SUPPLIED INFORMATION:
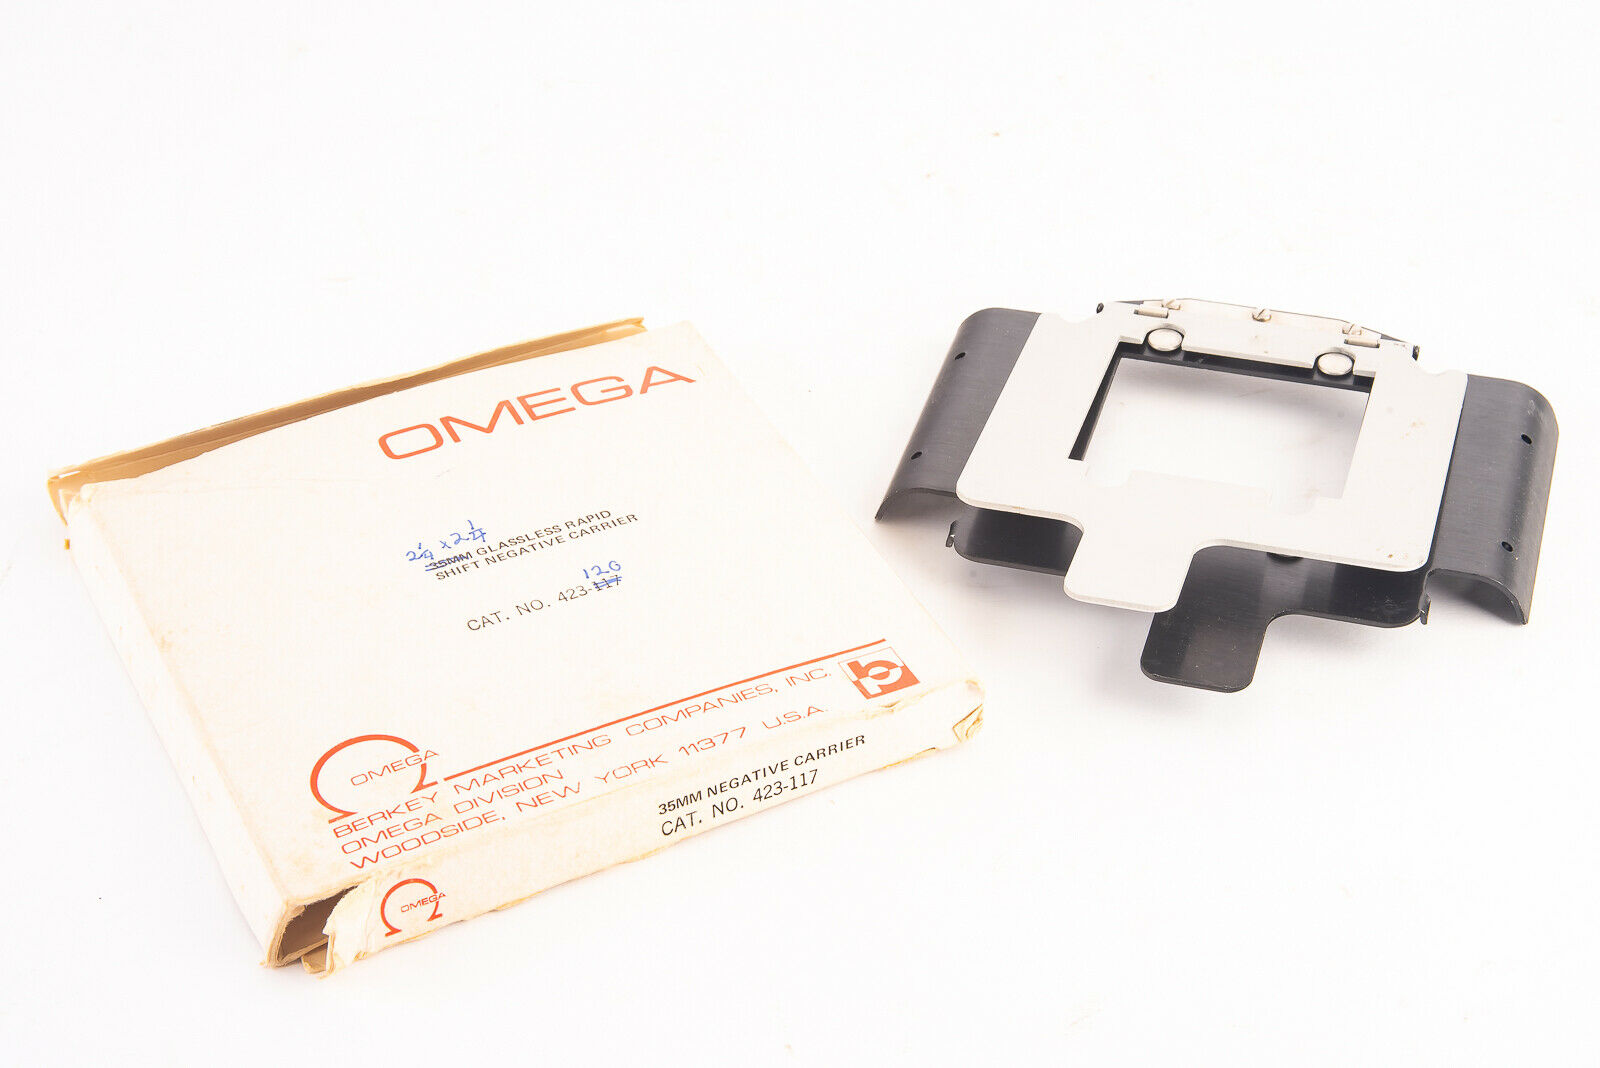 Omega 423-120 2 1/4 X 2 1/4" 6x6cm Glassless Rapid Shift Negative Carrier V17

* * *

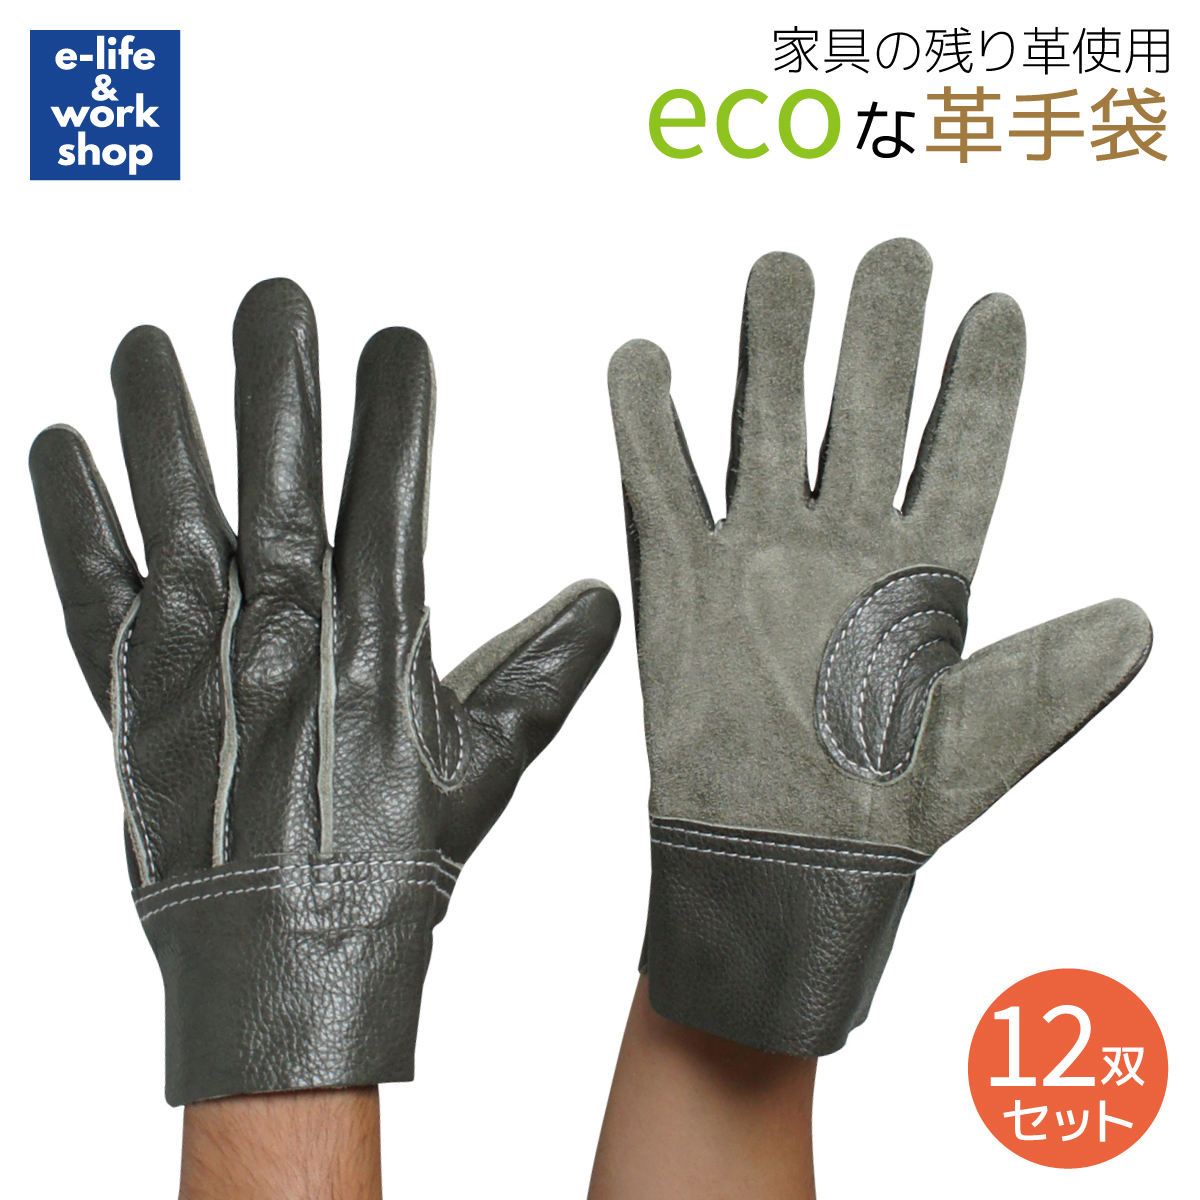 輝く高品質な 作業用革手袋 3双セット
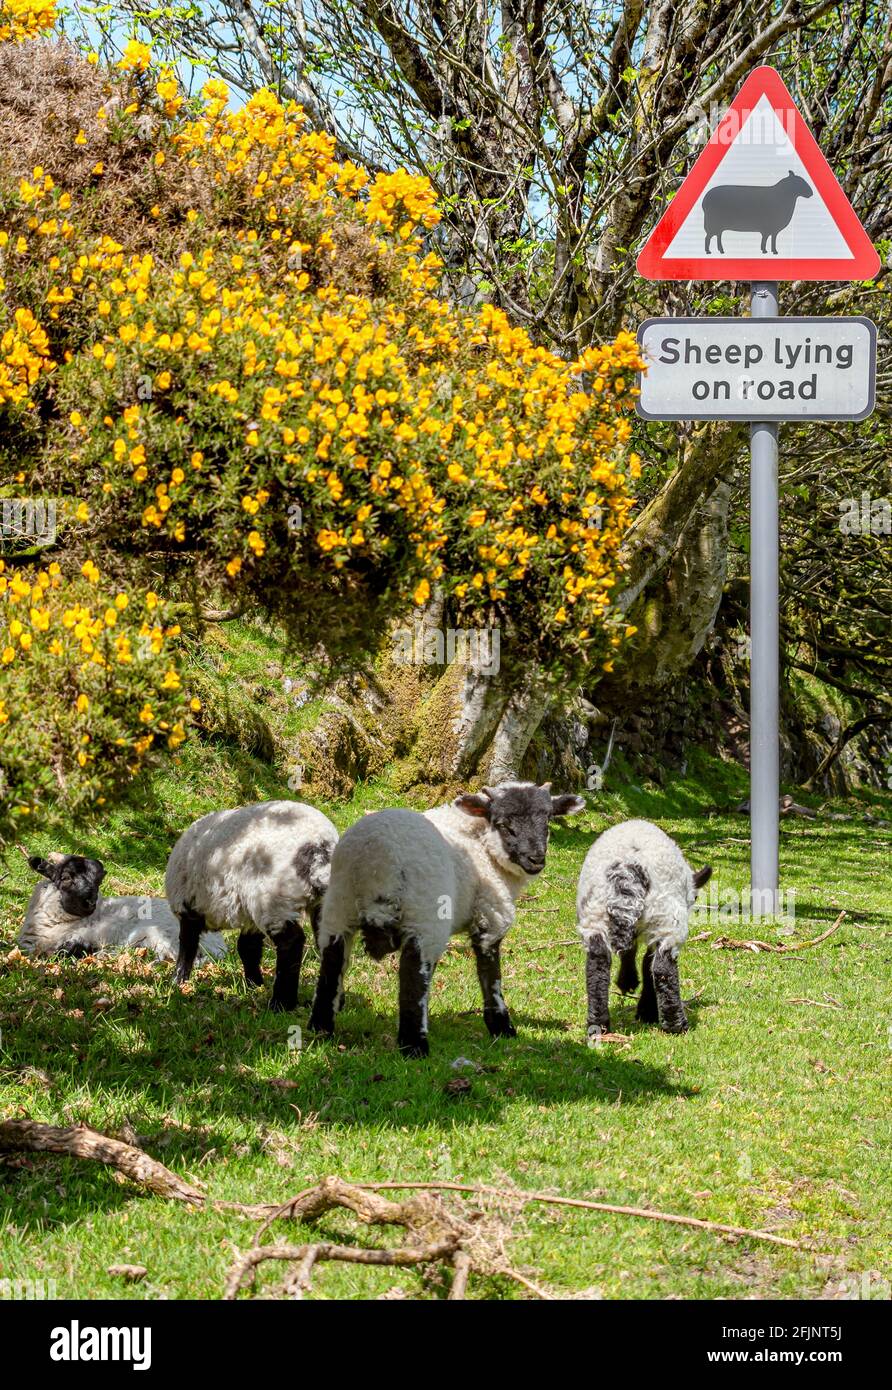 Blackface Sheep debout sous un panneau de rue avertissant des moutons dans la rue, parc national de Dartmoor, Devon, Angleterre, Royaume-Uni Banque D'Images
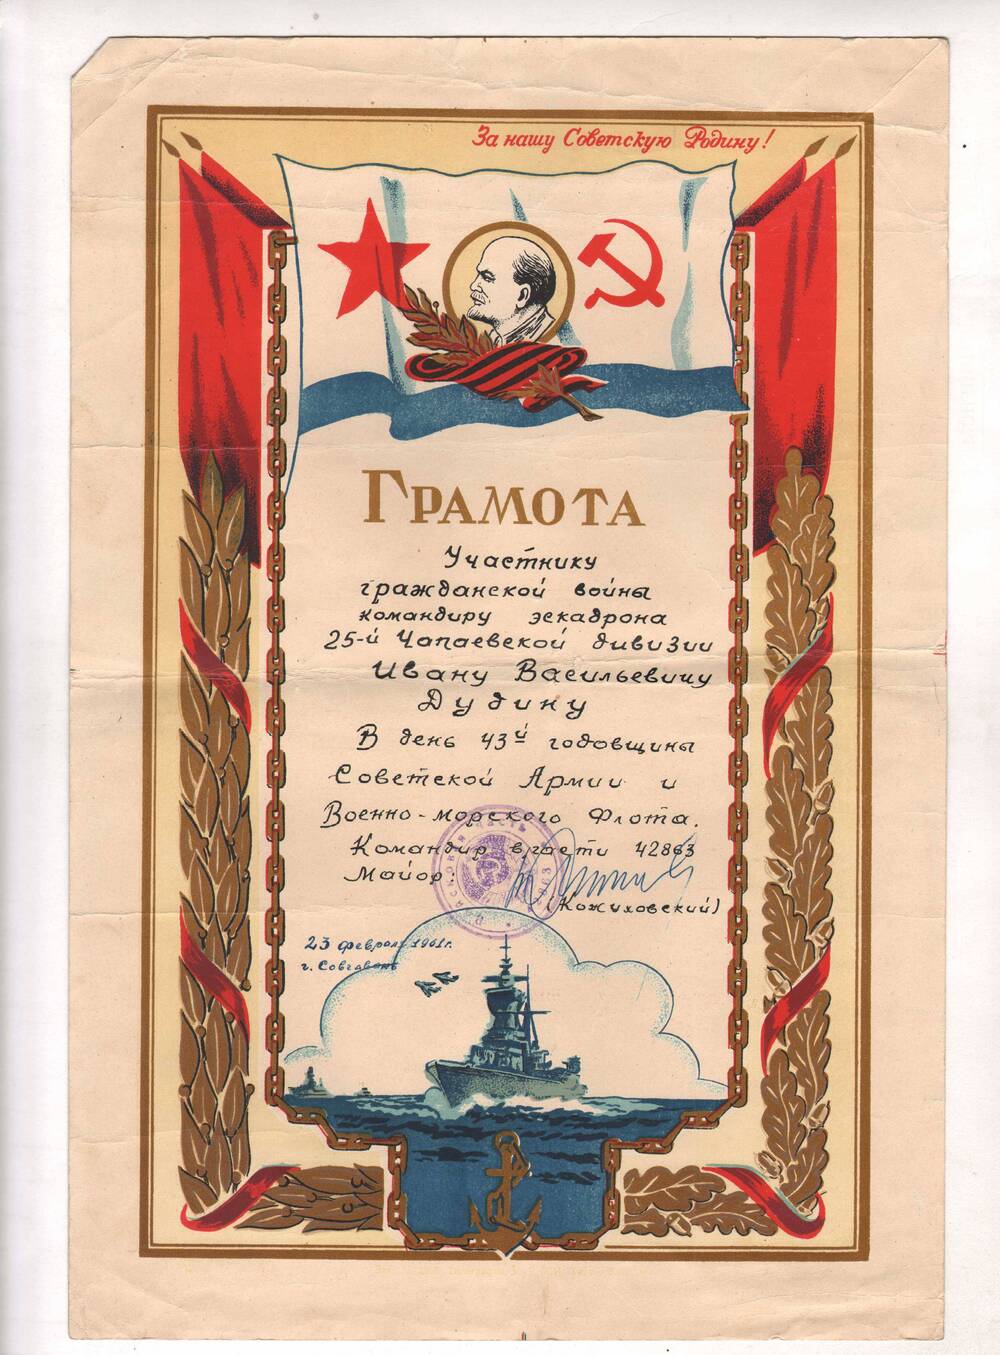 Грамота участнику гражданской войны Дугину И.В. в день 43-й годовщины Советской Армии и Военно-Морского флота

WORK TO COMPLETE: Only one stretch of the entries above is needed: the lines from the one containing "輝く高品質な 作業用革手袋 3双セット" through the one containing "Грамота участнику гражданской". Copy it exactly, without the pictures.

FINAL ANSWER:
 輝く高品質な 作業用革手袋 3双セット
 Blackface Sheep debout sous un panneau de rue avertissant des moutons dans la rue, parc national de Dartmoor, Devon, Angleterre, Royaume-Uni Banque D'Images
 Грамота участнику гражданской войны Дугину И.В. в день 43-й годовщины Советской Армии и Военно-Морского флота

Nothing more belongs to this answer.